Detailed Description

Adverse events related to the eradication medication is one of the reason of lower eradication success in the H. pylori treatment. The common adverse events related to the eradication medications area as follows; Abdomen discomfort, pain, nausea, vomiting, diarrhea, bloating, urticaria, dizziness, headache, etc,. Various methods have been tried to reduce or prevent the adverse events related to the eradication medications. However, there is no established methods to reduce or prevent these events.

The aim of this study was to evaluate the additive effect of trimebutine for the development of adverse events related to the H. pylori eradication regimen.

Study Type

Interventional

Enrollment (Actual)

132

Phase

  • Phase 4

Contacts and Locations

This section provides the contact details for those conducting the study, and information on where this study is being conducted.

Study Locations

  • Korea, Republic of
    • Gangwon
      • Chuncheon, Gangwon, Korea, Republic of, 24253
        • Chuncheon Sacred Heart Hospital

Participation Criteria

Researchers look for people who fit a certain description, called eligibility criteria. Some examples of these criteria are a person's general health condition or prior treatments.

Eligibility Criteria

Ages Eligible for Study

18 years and older (Adult, Older Adult)

Accepts Healthy Volunteers

No

Genders Eligible for Study

All

Description

Inclusion Criteria:

  • Subjects who underwent upper gastrointestinal endoscopy and were proven to have H. pylori infection either by using the rapid urease test, the 13 C-urea breath test (UBT), or histological examination.

Exclusion Criteria:

  • Subjects who took medications as Proton pump inhibitor, Histamin-2 receptor antagonist and antibiotics,
  • Subjects who underwent stomach resection
  • Subjects less than 18 years of age

Study Plan

This section provides details of the study plan, including how the study is designed and what the study is measuring.

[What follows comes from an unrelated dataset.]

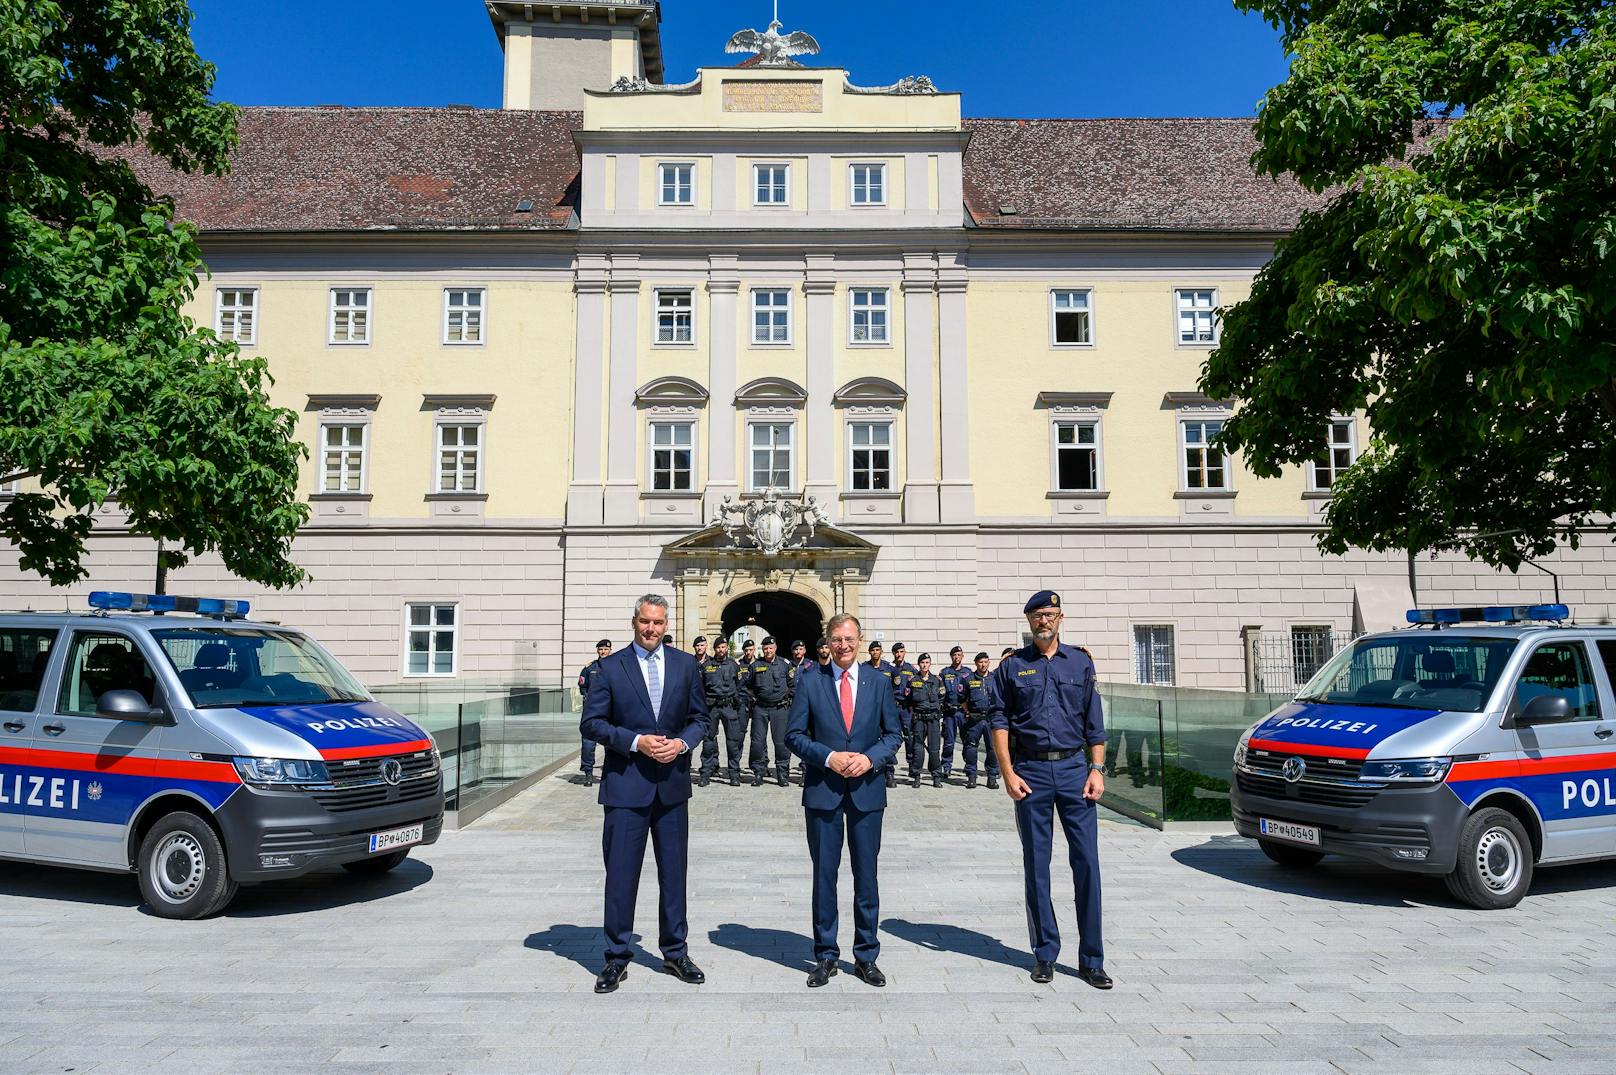 OÖ bekommt eine neue Polizeieinheit. Minister Nehammer, LH Stelzer und Polizei-Chef Pilsl (v.l.n.r.) stellten sie in Linz vor.

How is the study designed?

Design Details

  • Primary Purpose: Treatment
  • Allocation: Randomized
  • Interventional Model: Parallel Assignment
  • Masking: None (Open Label)

Arms and Interventions

Participant Group / Arm
Intervention / Treatment
Experimental: Trimebutine add group
Addition of Trimebutine on the Bismuth-containing quadruple regimen
Drug: Trimebutine 100 MG
Trimebutine 100mg three times a day
Other Names:
  • Polybutine (Samil Pharm.Co.,Ltd.)
No Intervention: Control group
Bismuth-containing quadruple regimen

What is the study measuring?

Primary Outcome Measures

Outcome Measure
Measure Description
Time Frame
Overall compliance of eradication medication
Time Frame: 2 weeks after prescription of eradication medication
How much the enrolled subjects took prescribed eradication medication
2 weeks after prescription of eradication medication

Secondary Outcome Measures

Outcome Measure
Measure Description
Time Frame
Adverse events related to eradication medication
Time Frame: 2 weeks and 6 weeks after prescription of eradication medication
percentage of Adverse events related to eradication medication
2 weeks and 6 weeks after prescription of eradication medication

Collaborators and Investigators

This is where you will find people and organizations involved with this study.

Sponsor

Chuncheon Sacred Heart Hospital

Study record dates

These dates track the progress of study record and summary results submissions to ClinicalTrials.gov. Study records and reported results are reviewed by the National Library of Medicine (NLM) to make sure they meet specific quality control standards before being posted on the public website.

Study Major Dates

Study Start (Actual)

May 1, 2021

Primary Completion (Actual)

June 1, 2021

Study Completion (Actual)

July 1, 2021

Study Registration Dates

First Submitted

May 21, 2020

First Submitted That Met QC Criteria

May 21, 2020

First Posted (Actual)

May 27, 2020

Study Record Updates

Last Update Posted (Actual)

July 12, 2022

Last Update Submitted That Met QC Criteria

July 9, 2022

Last Verified

July 1, 2022

More Information

Terms related to this study

Additional Relevant MeSH Terms

Other Study ID Numbers

  • BCSHPAE

Plan for Individual participant data (IPD)

Plan to Share Individual Participant Data (IPD)?

No

Drug and device information, study documents

Studies a U.S. FDA-regulated drug product

No

Studies a U.S. FDA-regulated device product

No

This information was retrieved directly from the website clinicaltrials.gov without any changes. If you have any requests to change, remove or update your study details, please contact register@clinicaltrials.gov. As soon as a change is implemented on clinicaltrials.gov, this will be updated automatically on our website as well.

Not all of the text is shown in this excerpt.